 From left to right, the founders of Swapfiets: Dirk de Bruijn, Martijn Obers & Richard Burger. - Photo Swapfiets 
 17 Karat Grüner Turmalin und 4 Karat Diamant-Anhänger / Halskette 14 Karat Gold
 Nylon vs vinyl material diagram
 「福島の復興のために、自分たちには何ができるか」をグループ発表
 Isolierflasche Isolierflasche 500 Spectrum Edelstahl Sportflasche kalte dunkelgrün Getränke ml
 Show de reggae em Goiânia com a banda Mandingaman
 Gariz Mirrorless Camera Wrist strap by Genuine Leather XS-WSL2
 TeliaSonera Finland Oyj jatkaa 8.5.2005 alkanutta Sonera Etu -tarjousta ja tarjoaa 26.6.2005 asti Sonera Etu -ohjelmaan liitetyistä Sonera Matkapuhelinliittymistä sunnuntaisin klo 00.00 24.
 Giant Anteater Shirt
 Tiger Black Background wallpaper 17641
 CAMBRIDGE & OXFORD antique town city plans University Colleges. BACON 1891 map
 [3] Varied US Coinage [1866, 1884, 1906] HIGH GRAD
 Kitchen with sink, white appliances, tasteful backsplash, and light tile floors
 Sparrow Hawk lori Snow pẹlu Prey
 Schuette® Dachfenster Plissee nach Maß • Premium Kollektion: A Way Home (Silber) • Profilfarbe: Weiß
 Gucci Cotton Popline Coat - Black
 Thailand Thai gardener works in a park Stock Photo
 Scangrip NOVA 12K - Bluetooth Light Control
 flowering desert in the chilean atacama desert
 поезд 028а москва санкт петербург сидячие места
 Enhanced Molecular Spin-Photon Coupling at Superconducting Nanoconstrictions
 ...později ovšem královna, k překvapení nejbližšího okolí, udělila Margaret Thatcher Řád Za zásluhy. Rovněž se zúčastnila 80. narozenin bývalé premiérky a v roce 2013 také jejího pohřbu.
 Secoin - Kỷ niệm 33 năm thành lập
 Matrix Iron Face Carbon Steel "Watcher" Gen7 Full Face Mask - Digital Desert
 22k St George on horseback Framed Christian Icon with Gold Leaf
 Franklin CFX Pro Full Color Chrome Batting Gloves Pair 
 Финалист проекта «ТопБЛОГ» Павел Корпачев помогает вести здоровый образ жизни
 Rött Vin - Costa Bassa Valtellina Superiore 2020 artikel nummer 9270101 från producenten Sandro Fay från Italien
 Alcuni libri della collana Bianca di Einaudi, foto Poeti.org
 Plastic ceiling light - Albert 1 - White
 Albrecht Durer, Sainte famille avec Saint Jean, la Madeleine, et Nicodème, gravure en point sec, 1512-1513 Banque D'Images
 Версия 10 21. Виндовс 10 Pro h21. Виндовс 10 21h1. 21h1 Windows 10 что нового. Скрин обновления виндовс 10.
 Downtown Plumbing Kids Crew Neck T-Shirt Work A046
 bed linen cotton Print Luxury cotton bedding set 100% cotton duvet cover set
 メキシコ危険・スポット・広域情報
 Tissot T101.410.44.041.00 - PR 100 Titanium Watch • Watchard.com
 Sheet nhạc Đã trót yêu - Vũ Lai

※ ※ ※

Reproduce word for word the lines of the records above, beginning at the first and ending with the line where "flowering desert in" appears, and nothing past it.

 From left to right, the founders of Swapfiets: Dirk de Bruijn, Martijn Obers & Richard Burger. - Photo Swapfiets 
 17 Karat Grüner Turmalin und 4 Karat Diamant-Anhänger / Halskette 14 Karat Gold
 Nylon vs vinyl material diagram
 「福島の復興のために、自分たちには何ができるか」をグループ発表
 Isolierflasche Isolierflasche 500 Spectrum Edelstahl Sportflasche kalte dunkelgrün Getränke ml
 Show de reggae em Goiânia com a banda Mandingaman
 Gariz Mirrorless Camera Wrist strap by Genuine Leather XS-WSL2
 TeliaSonera Finland Oyj jatkaa 8.5.2005 alkanutta Sonera Etu -tarjousta ja tarjoaa 26.6.2005 asti Sonera Etu -ohjelmaan liitetyistä Sonera Matkapuhelinliittymistä sunnuntaisin klo 00.00 24.
 Giant Anteater Shirt
 Tiger Black Background wallpaper 17641
 CAMBRIDGE & OXFORD antique town city plans University Colleges. BACON 1891 map
 [3] Varied US Coinage [1866, 1884, 1906] HIGH GRAD
 Kitchen with sink, white appliances, tasteful backsplash, and light tile floors
 Sparrow Hawk lori Snow pẹlu Prey
 Schuette® Dachfenster Plissee nach Maß • Premium Kollektion: A Way Home (Silber) • Profilfarbe: Weiß
 Gucci Cotton Popline Coat - Black
 Thailand Thai gardener works in a park Stock Photo
 Scangrip NOVA 12K - Bluetooth Light Control
 flowering desert in the chilean atacama desert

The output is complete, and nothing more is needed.